Hey guys. My $150 barn find has been absolutely awesome and hasn’t given me any problems what so ever...until now. I installed some LED’s and the other day I was trying them out when all 3 flickered then died. Bad connection, right? Well today I found they were all bad. So I checked voltage at the battery and found 12.7v. When I started the tractor it was jumping around from the 20’s to as high as 40 volts!!! So I’m assuming there is a voltage regulator somewhere. Anyone know where it is and how to replace? A part number would be great if at all possible. Thanks!
It's tucked in the lower left rear of the engine behind the flywheel (which I believe has to be removed in order to get at it). The Onan part number is 191-0886. New Onan replacements are supposed to be pretty expensive (~$200-300). Some have replaced them with 20 amp Kohler rectifiers, and installed, and rewired them behind the dashboards.

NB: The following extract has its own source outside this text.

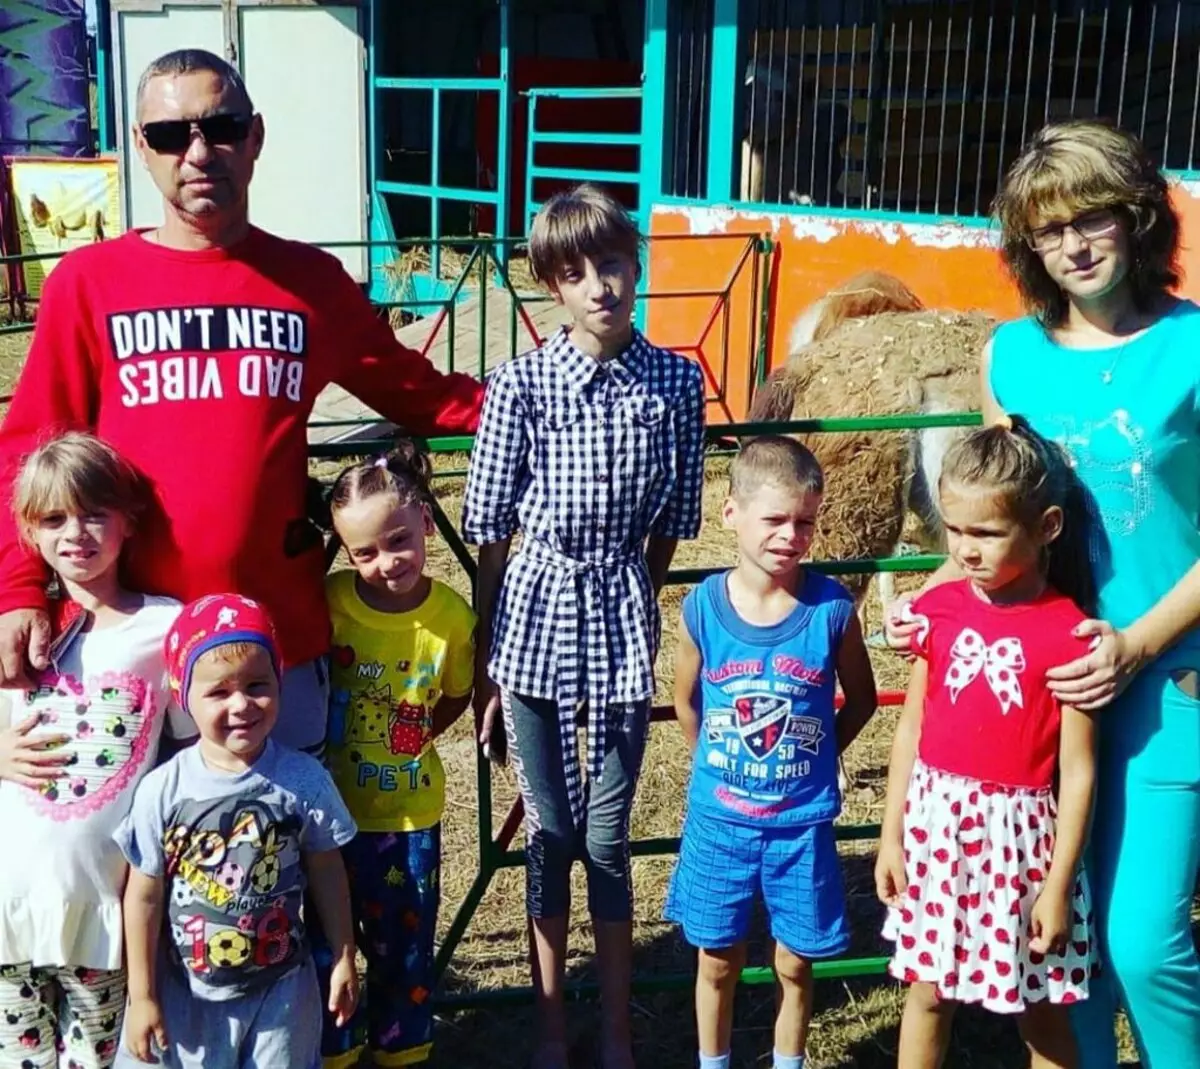 في منطقة إيفانوفو، ترغب سلطات الوصاية في إزالة 7 أطفال من الأب البالغ من العمر 47 عاما

I suspect you have a bad connection between the battery and the rest of the electrical system. No alternator can raise the voltage on the battery to 40v. The alternator can raise the voltage if the battery is not there. If the charging system is overcharging the battery, you might see 18v on the battery.
Most alternators when they are thrown into wide open charge, can generate close to 100v depending on the rpm. It's the battery that brings the voltage down in check. The battery will boil and possibly blow up before it lets the voltage get very high.

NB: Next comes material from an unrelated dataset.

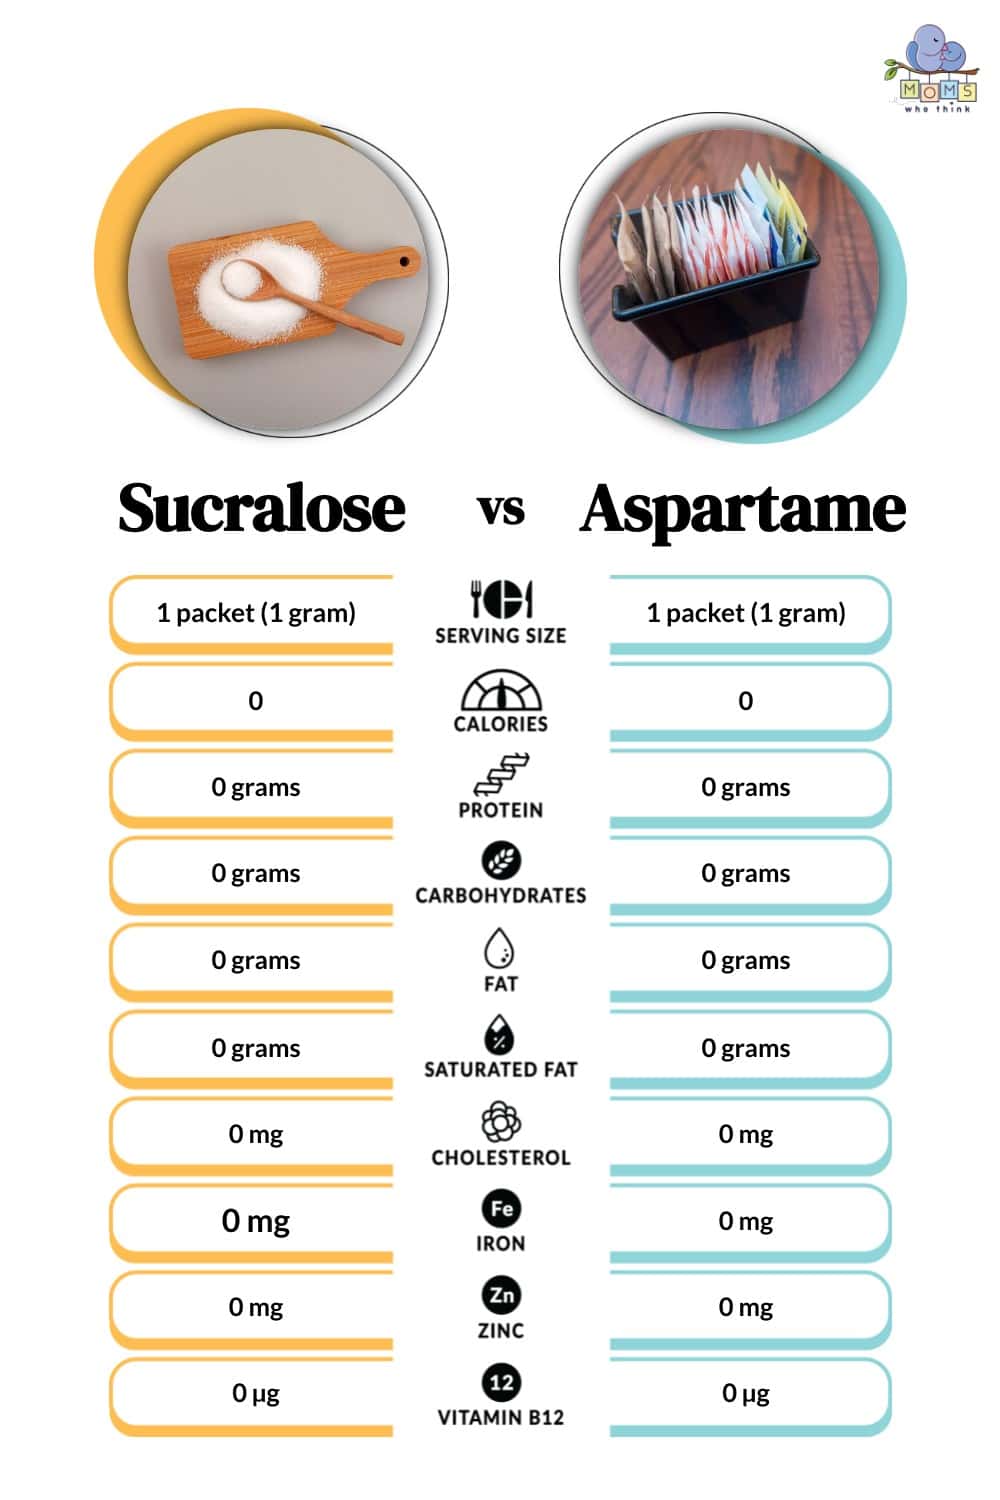 Sucralose vs Aspartame

What’s odd is I haven’t noticed a problem until I blew up my LED’s. The tractor always fires right up even after sitting for weeks. I would think that if the battery was seeing 40 volts it wouldn’t last very long. But just yesterday I ran the tractor for about 45 minutes while Aerating the lawn. That’s when the LED’s failed. So obviously the tractor was over charging.
You can think of the battery changing the 40v output to current. When the output of the alternator goes up, the current flowing to the battery or whatever load it has goes up, but the battery will always keep the voltage in check, unless the battery is not in the circuit like it's supposed to be.
Thanks for that. Looks about right. I’m really having a hard time understanding how I’m getting unregulated voltage. It’s as if I don’t have a regulator. And that diagram doesn’t show one.
Anyone know how many wires come off the stator and where they go?
On the later Briggs motors they had two wires, one was a straight A/C that they ran directly to power headlights, and then other was the charge wire. It usually had a diode inline and then went directly to the battery with no regulator. The diode rectified the voltage a little bit and kept the battery from discharging back into the stator windings. I don't see a diode in the diagram link I posted. And in that Briggs style charging system, the only thing that kept the voltage down to a reasonable level was the battery itself.
Check out me fixing my 817 over the summer. The ignition feed back can do weird things! Also show an onan regulator at about 6:10 I get into that. 90% of the time the regulator is bad and its behind the flywheel mounted to the oil pan. Very common fix is to take it out and add a kohler regulator with longer wires to reach else where.
At 16:14 im looking at the factory regulator and its 4 wires
The stator puts out a/c voltage, and around 40 volts a/c isn't out of the question. The regulator knocks it down to 12-16 volts dc current.